Baker Hughes Inc. (NYSE: BHI) said it planned to buy back $1.5 billion of shares and $1 billion of debt, using the breakup fee it will receive following the collapse of its proposed buyout by fellow oilfield services provider Halliburton Inc. (NYSE: HAL).

The merger, valued at $35 billion when it was first announced in November 2014, would have created North America's largest oilfield services company to take on global market leader Schlumberger Ltd. (NYSE: SLB).

Baker Hughes will get $3.5 billion as part of the merger agreement, which the companies terminated on May 1 after opposition from U.S. and European antitrust regulators.

The U.S. Justice Department filed a lawsuit last month to stop the deal, arguing that it would leave only two dominant oilfield services companies.

Baker Hughes, which is focusing on the development of products that lower costs and maximize production for oil and gas producers, also said on May 2 it planned to refinance a $2.5 billion credit facility, which expires in September 2016.

The company said an initial phase of cost-cutting was expected to result in $500 million of annualized savings by the end of 2016.

In a separate regulatory filing on May 2, Baker Hughes said it cut 2,000 more jobs in the first quarter, adding to the 18,000 cut worldwide last year.

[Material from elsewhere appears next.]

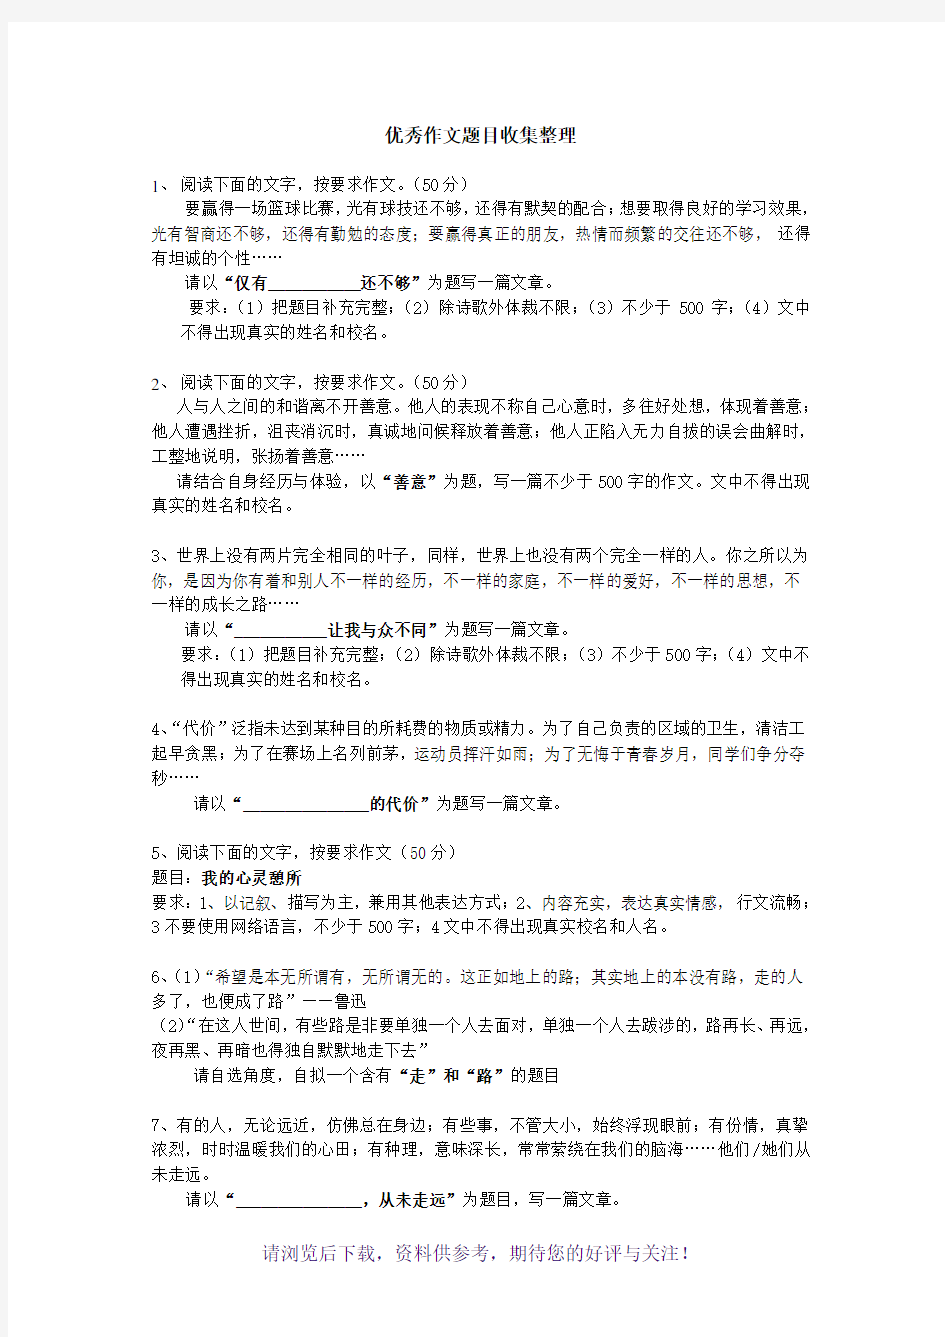 广东省初中语文经典作文试题10道

The company had about 43,000 employees as of Dec. 31.

Baker Hughes said last April 27 it recorded "merger-retained" costs of $110 million, after tax, in the first quarter, leading to a bigger net loss for the period.

The Houston-based company also said then that it was limiting its exposure to the unprofitable onshore pressure pumping business in North America.

Halliburton, which will release its results on May 3, said on April 22 that revenue in the quarter slumped 40.4%.

Baker Hughes's shares were down about 1.6% at $47.60 in premarket trading.

The company's shares have fallen 25% since Halliburton first agreed to buy Baker Hughes in November 2014. Halliburton's shares have fallen more than 19% in the same period.